Monday, April 28, 2014
What Do You Call A Caucus That Refuses To Call Itself A Caucus? A Critique
In the final months of my involvement in the union, I saw the revival of an interesting phenomenon, the former leadership who formed the USEJ (United For Social and Economic Justice) caucus during the last triennial election denying that they were members of that caucus, or that they were even members of a caucus at all. It is a strange claim to make. After all, that group continues to vote in a lock step fashion that puts the reform AWDU (Academic Workers for a Democratic Union) caucus to shame, and their secret caucus list serve was accidentally leaked to the full union joint council list serve.* It was pretty apparent that the group was still operating as a caucus, and that it was made up primarily of the remaining members of USEJ. (Ironically, the group has existed in previous formations before USEJ as Adam Hefty noted, but USEJ was the first time that they opened acknowledged that they were in fact a separate and independent caucus.) It was only a matter of a week or two that they finally acknowledged their existence for the triennial elections,** renaming themselves SWITCh, and erasing their past history. Which brings us to the question, what are the implications of this refusal to acknowledge caucus behavior?
I'd like to start off by saying that there is nothing wrong with being engaged in, or forming a caucus, in an of itself. After all, forming a caucus is basic aspect of self-organization. Caucuses allow for people to form groups to affect the direction of an organization or institution. Often this involves a lot of communication, frequently in private, about the ways that they can affect the direction of the organization, what is possible and what is not possible, and how the group wants to orient itself within those possibilities. Sociologist and labor studies scholar Judith Stepan-Norris, along with other labors studies scholars in fact have noted that the existence of multiple competing caucuses contributes to the health of unions, because the caucuses have to be more responsible to the needs of the membership. After all, if a caucus doesn't fulfill those needs, the membership can simply vote in another caucus. Historically, the decline of the labor movement can be linked to the expulsion of the communists from the AFL-CIO, which left the conservative leadership without competition. In many ways, we formed the AWDU caucus four years ago to return to this democratic tradition of unionism.
However, that system is dependent on an open and fair process. The right to self-organize also needs to be linked with the responsibility for your collective actions within that caucus. We can see this in play with the AWDU ticket, who has connected itself to a three year legacy, that has its flaws and contradictions despite some impressive successes. But the former leadership is trying to short circuit this process with their rebranding campaign. As I already noted, until recently, the former leadership group denied that they were even a caucus, and their current website refuses to acknowledge that a large percentage of their eboard candidates were involved in the last triennial under the USEJ banner. A number of them had bargained on previous contracts, and had created the shell of a union that existed before the AWDU take over. Two of them ran while not even being students in the previous triennial election. Whatever you think about these facts, they seem fairly significant within the context of an electoral campaign, and the rebranding campaign is a pretty egregious effort to subvert that basic aspect of democratic governance.
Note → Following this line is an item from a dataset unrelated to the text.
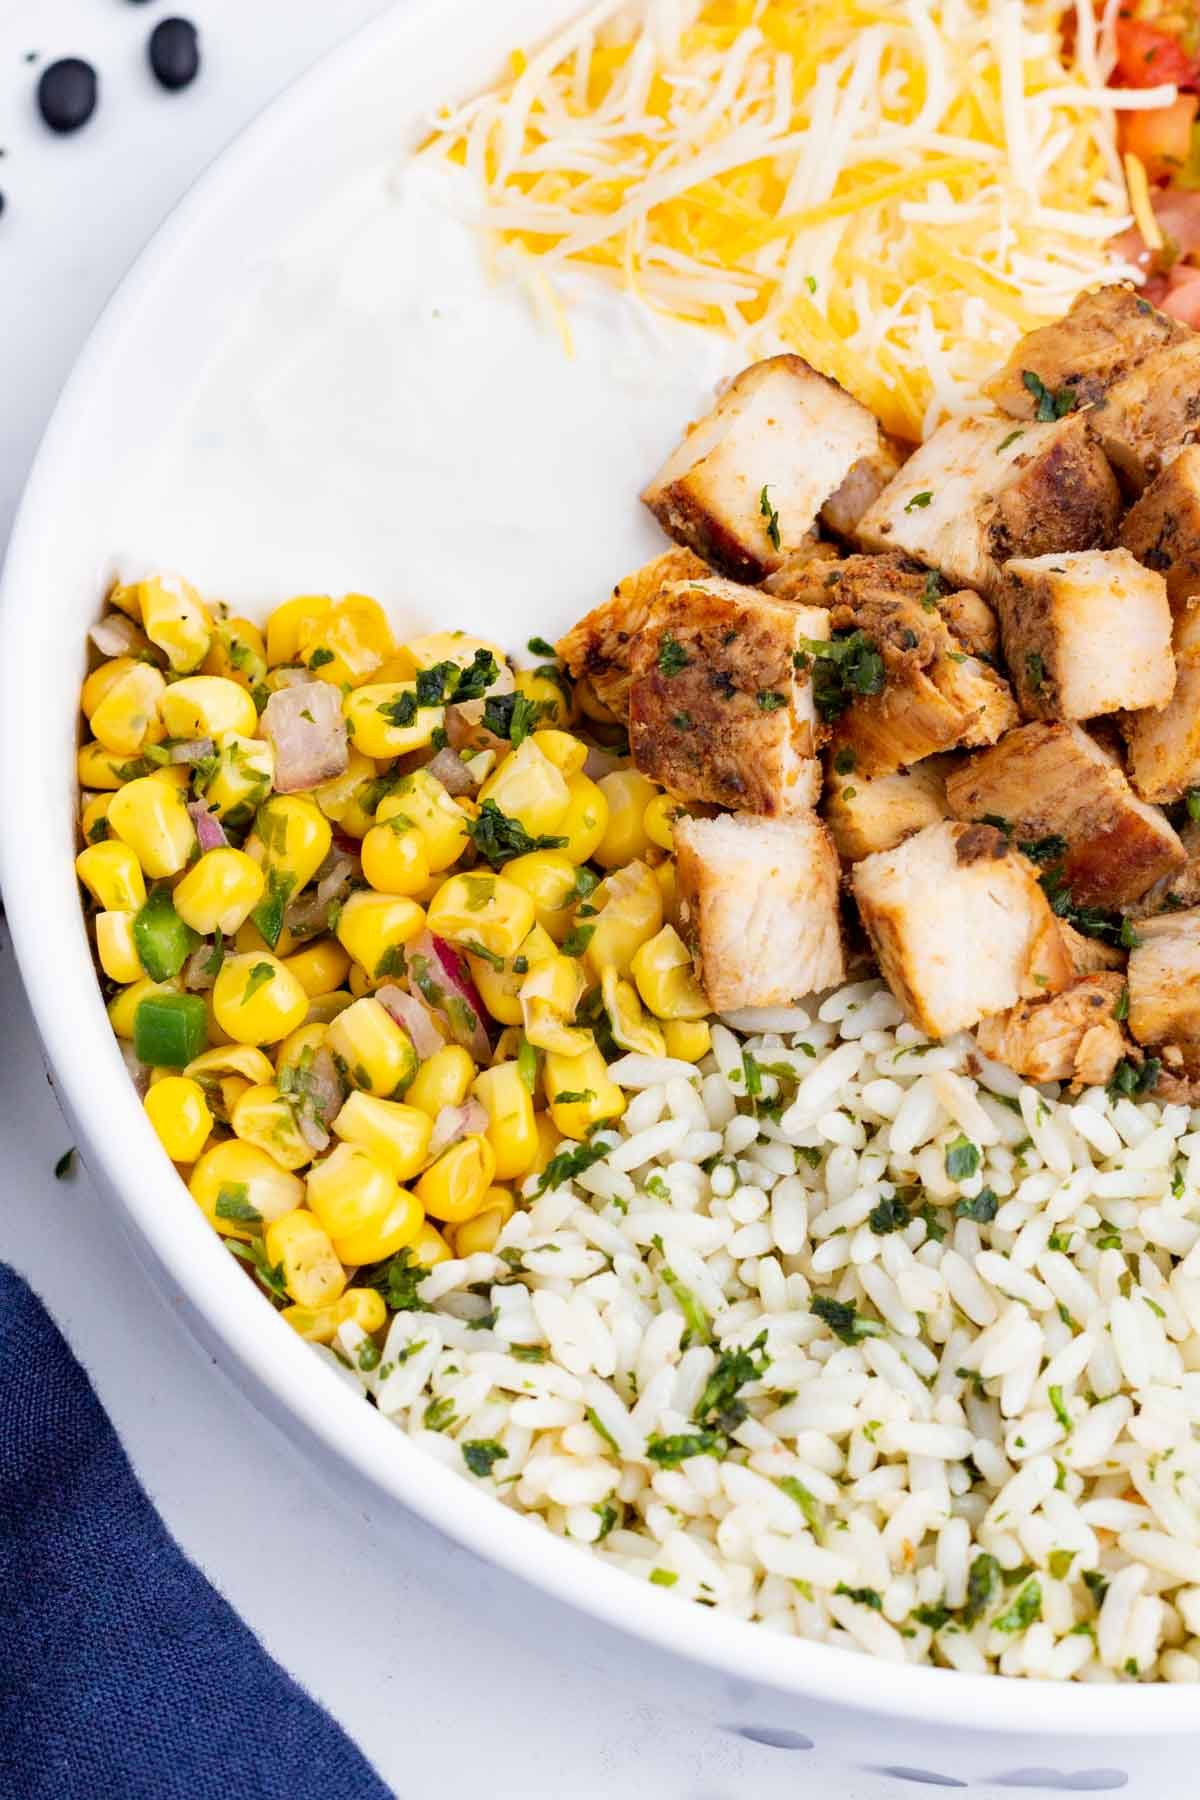 Corn salsa is piled into a burrito bowl with chicken, rice, and cheese.
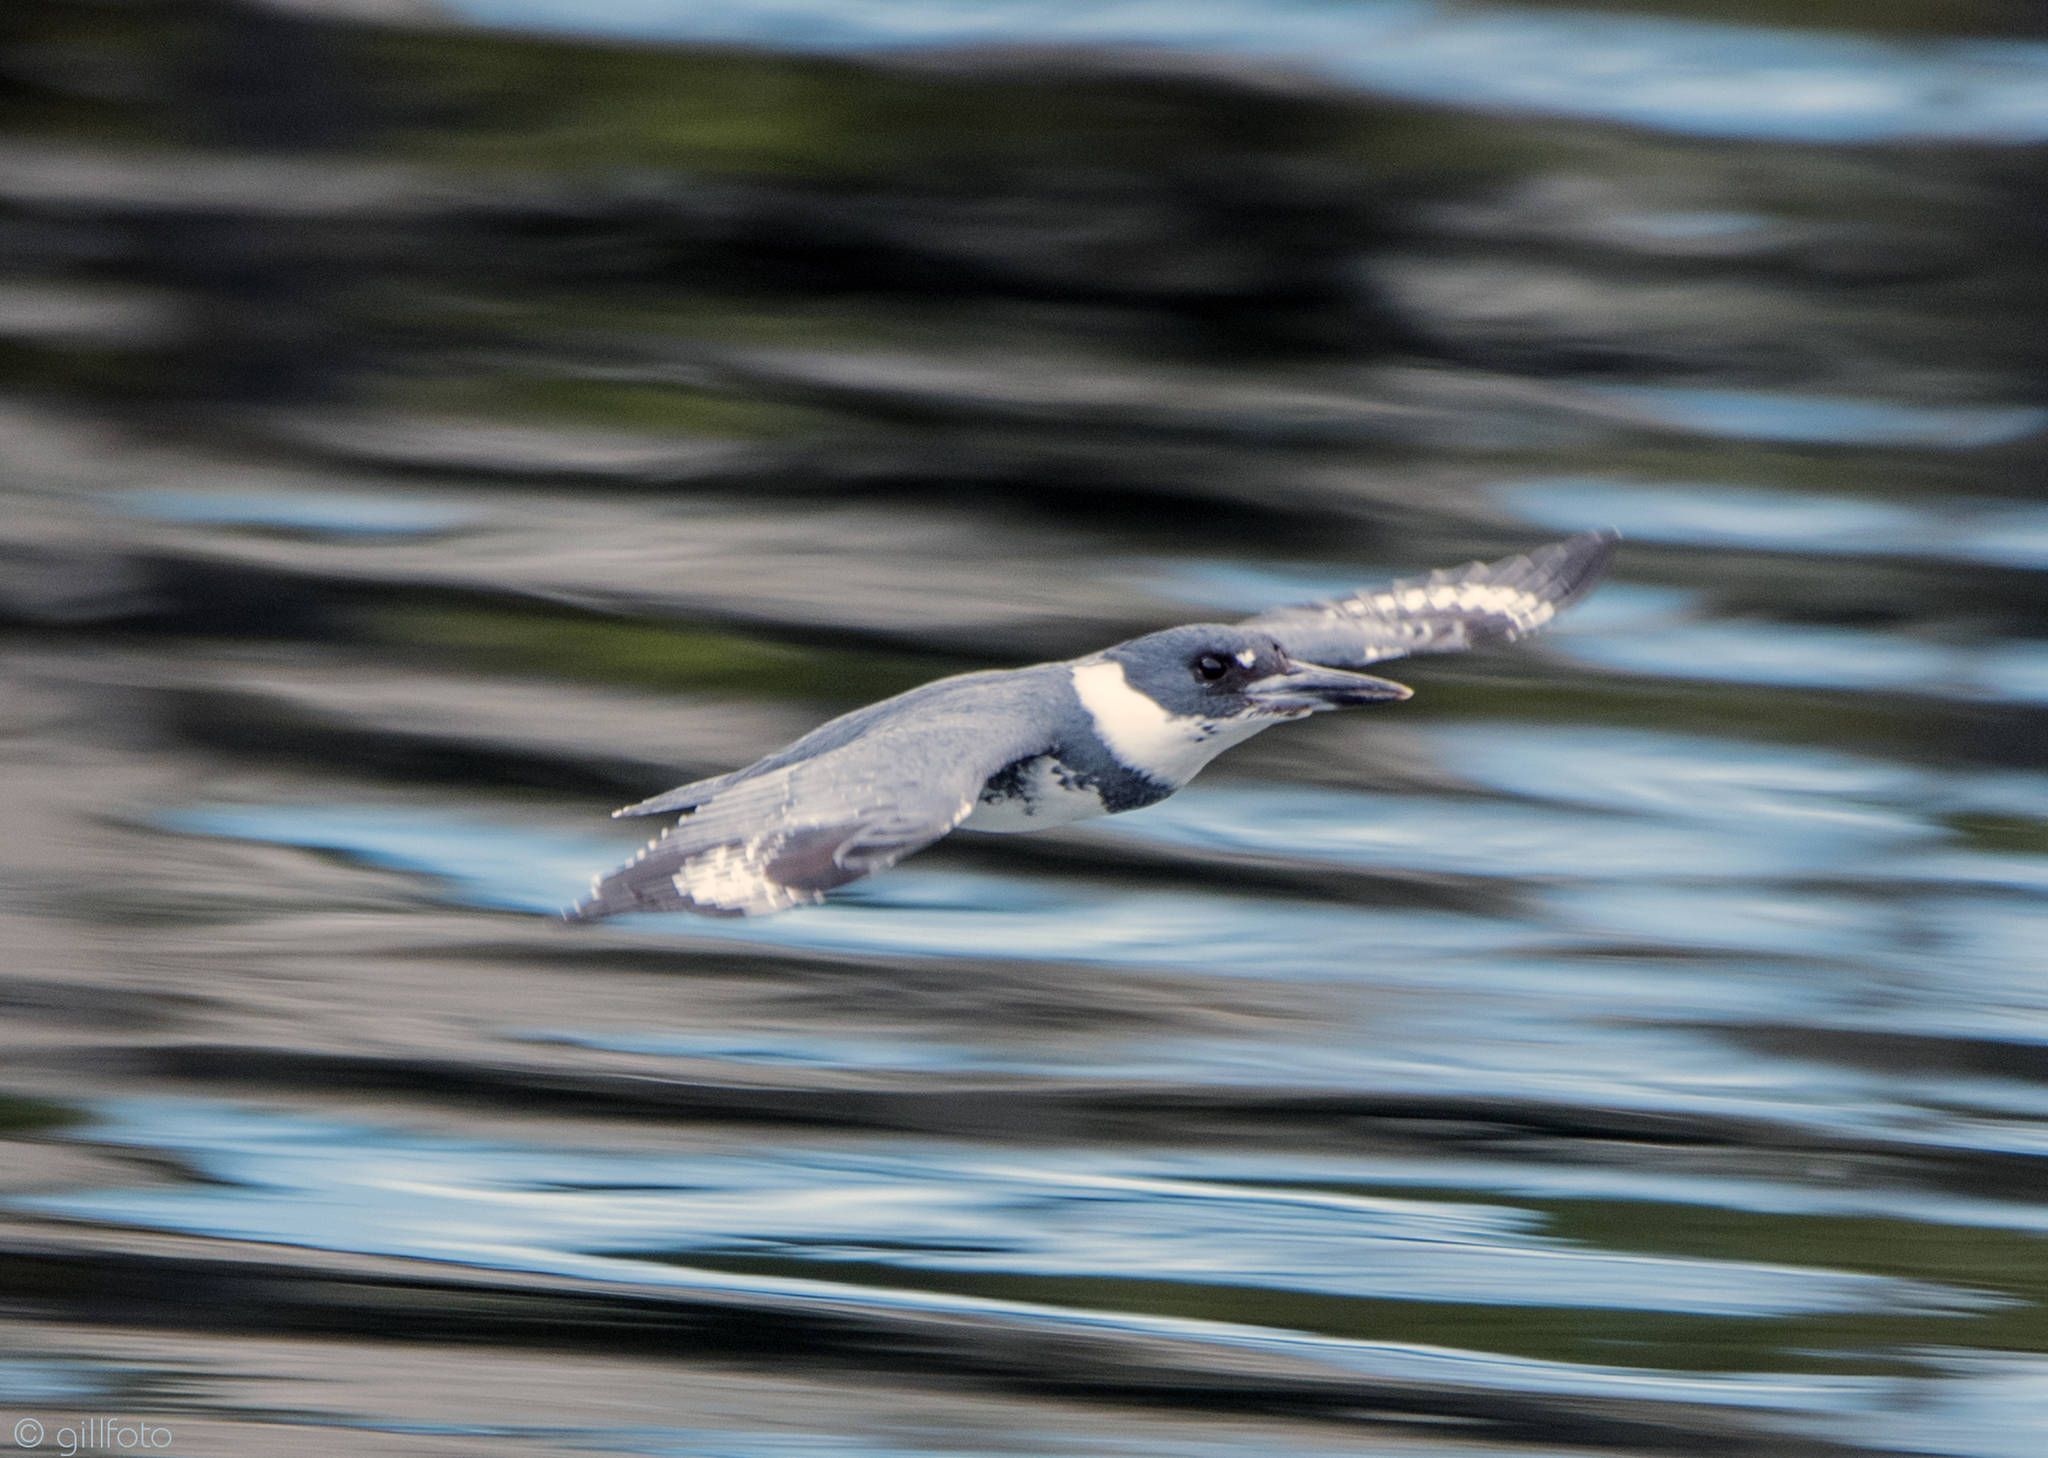 A belted kingfisher at Don D. Statter Memorial Boat Harbor in Auke Bay in Juneau, Alaska on April 12, 2019. (Courtesy Photo | Kenneth Gill)

At a basic level, you need to take responsibility for your own actions if you are a responsible member of a caucus, otherwise you are taking the democratic right to choose a political direction for the union from the membership.
The problem goes further than that, when you start bringing in the context of the debates where the denials were initially made. In each of the cases, the person denying the existence of the caucus would follow up with the statement that they were 'simply interested in the good of the union.' The implications of the statement were fairly obvious, implying that the individuals who were involved in the AWDU caucus were not. At a basic level, this sort of analysis is fundamentally flawed. Workers' organizations are simply too complex to declare that one is 'simply interested in the good of the union.' Unions have been defined by internal as well as external antagonism, debating over who should be a part of such organizations, how they should organize new workers, as well as what should be the goals of such organizations. We've seen conservative unions and revolutionary unions, deeply democratic unions and cults of personality. To claim you are 'simply interested in the good of the union' is an attempt to erase this rich history, and to place your conception of the means and ends of the union movement as the exclusive means and ends to that movement. For more context on this tradition within the UAW as a whole, I recommend reading this essay by Barry Eidlin.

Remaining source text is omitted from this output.